PRAYER FOR ALL THE DOGS IN THE NEIGHBORHOOD WHO HAVE BEEN KIND ENOUGH TO INTRODUCE ME TO THEIR PEOPLE
Dear Lord, it is not uncoincidental that God spelled backwards is dog, and heaps of gratitude on you for the gift of the canine species, for the mutts and the doodles and wiener dogs with their collapsing hips, for compostable poop bags and extendable leashes and school playgrounds that are vacant and so become a heaven and a haven for dogs and their slimy tennis balls and their humans with those plastic ball-thrower things that are another invention for which to give thanks. Thank you for Kona and Birdie and Mindy and Jack, for Rosie and Tiger and Bean and Emmy; thank you for Chimi and Dora and Archie and Tulip and all those sweet pups who were rescued from overcrowding and death and came to run and play in my neighborhood. Thank you for those who see unclaimed poop and take care of it. Thank you for coats with pockets, laden with said compostable bags, a reminder that unconditional love awaits us at home. Thank you for the constancy of neighbors who are out rain or shine, day or night, so that their dogs can check their p-mail and respond. And thank you for my daughter who still laughs at that term “pee-mail” which she coined when she was but a fourth grader. May our hearts be as big as our dogs’. And so: Amen.

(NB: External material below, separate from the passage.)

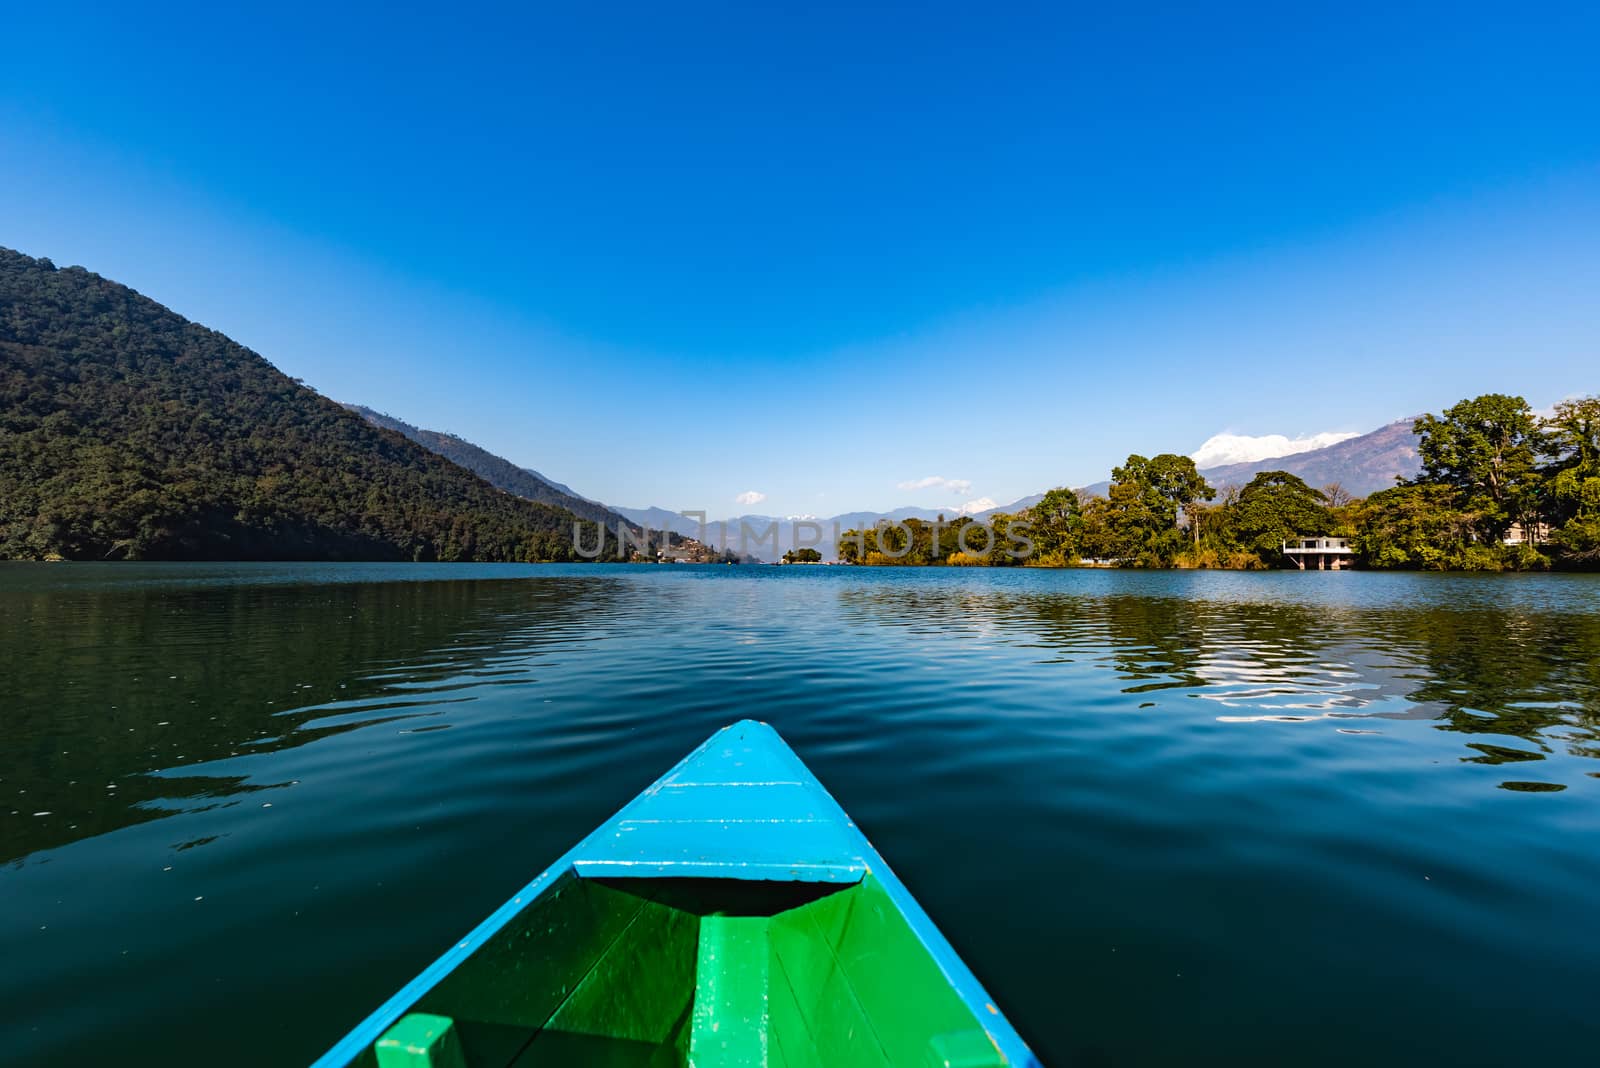 a canoe in the lake of Pokhara on Nepal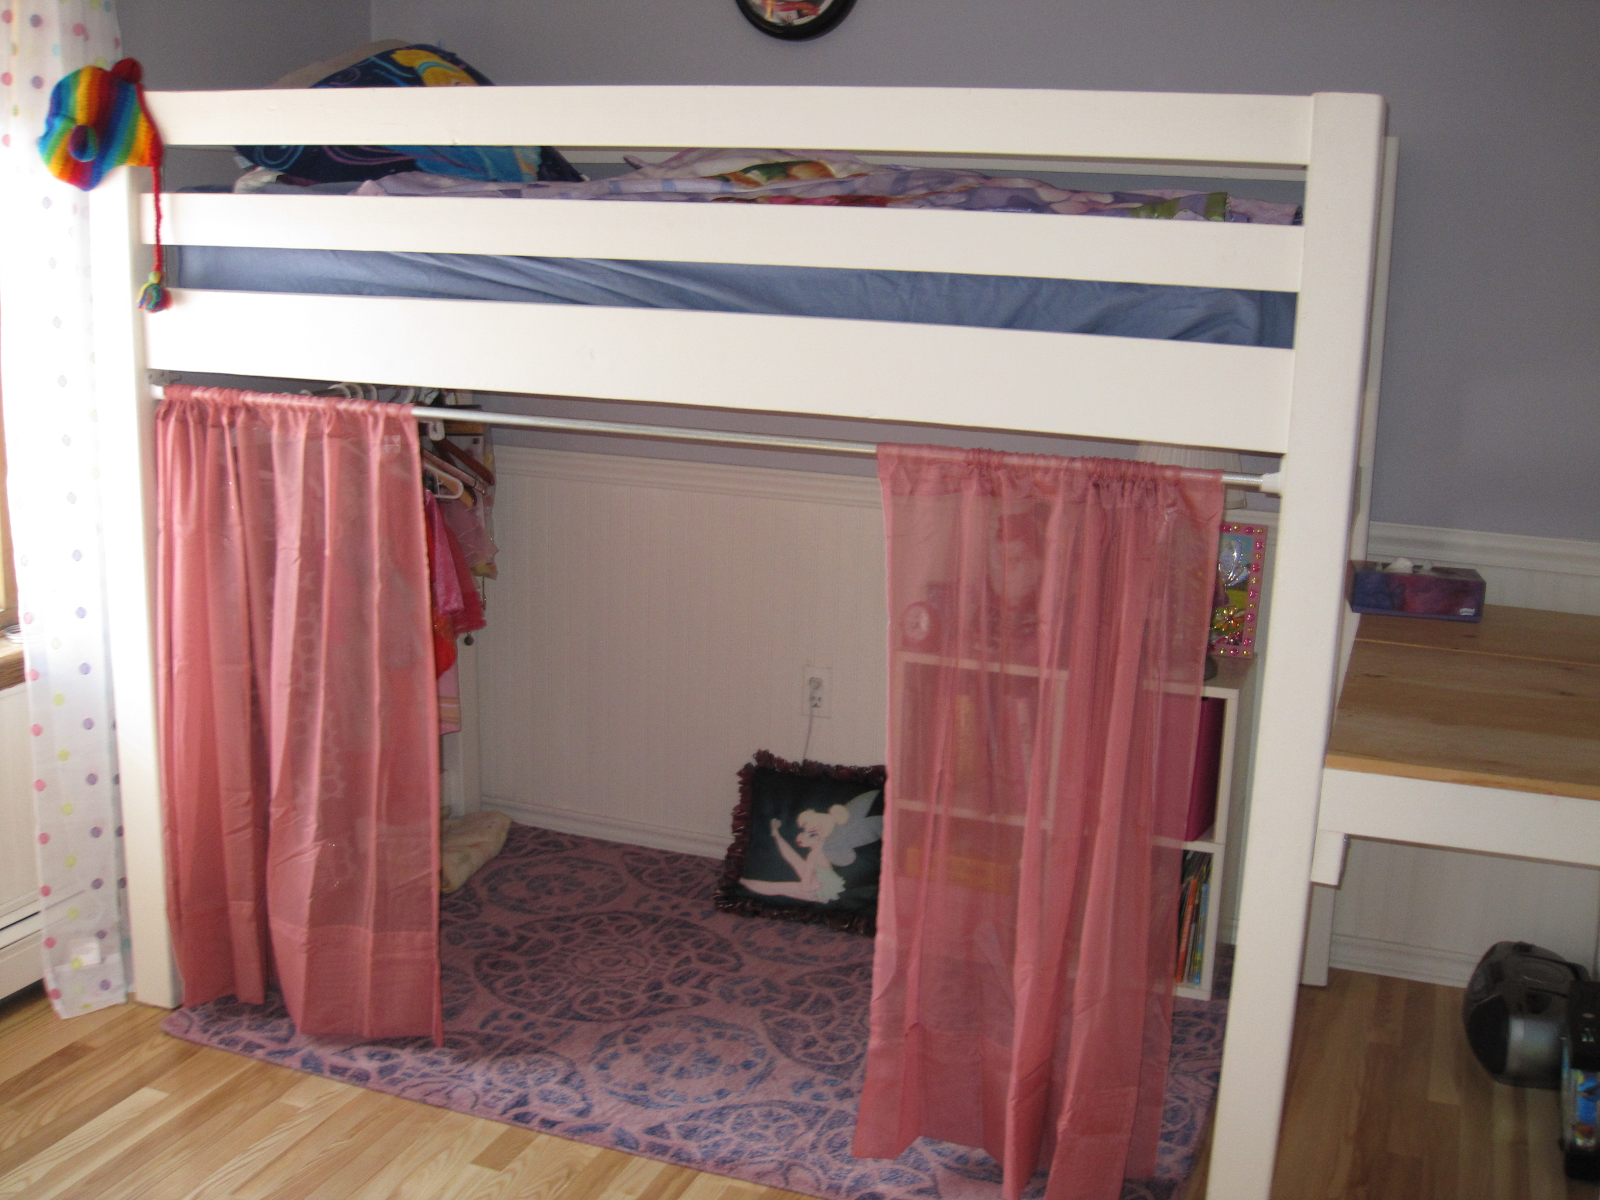 Space Below Your Loft Bed, Under Bunk Bed Curtain

PRAYER FOR ALL THE KIDS WHO NEVER DREAMED THEY WOULD ACTUALLY MISS GOING TO SCHOOL
Dear Lord, this is a hard one, and humor is hard found when kindergartners are clinically depressed. The choice of which risk to take feels pretty cruel, I must admit, and so I ask, in addition to that vaccine being made and distributed and shot as quickly as possibly, that you wrap all of our young people up in your sweet, strong arms that I think would smell like Ivory soap; that you would wrap these children and teenagers up and say, in ways that they will hear, that is is okay to be sad; that is okay to not want to get out of bed; it is okay to be angry that you have to live in such a time as this; that there are grown ups who have let you down. Whisper to them too that there are teachers who think about them every day, even when they’re not on Zoom; there are teachers and school custodians and lunch ladies and principals and staff like Miss Lori at Sabin who would never let a child go hungry during the day who always has a smile and would protect that place and those people with her life. Seriously, God, if you loved us at all you would end this merciless pandemic and let us get back to being with each other because, if my exegesis of Genesis is right and I’m pretty sure it is, you intended us to be together in the first place. Also, please get all those imbalanced chemicals that lead to depression and thoughts of suicide out of the systems of our beloved, precious, irreplaceable children. And so: Amen.

Tarnished Silver

What if every human being was born with a soul made of the purest silver?  And what if over time that silver became tarnished, as silver does?  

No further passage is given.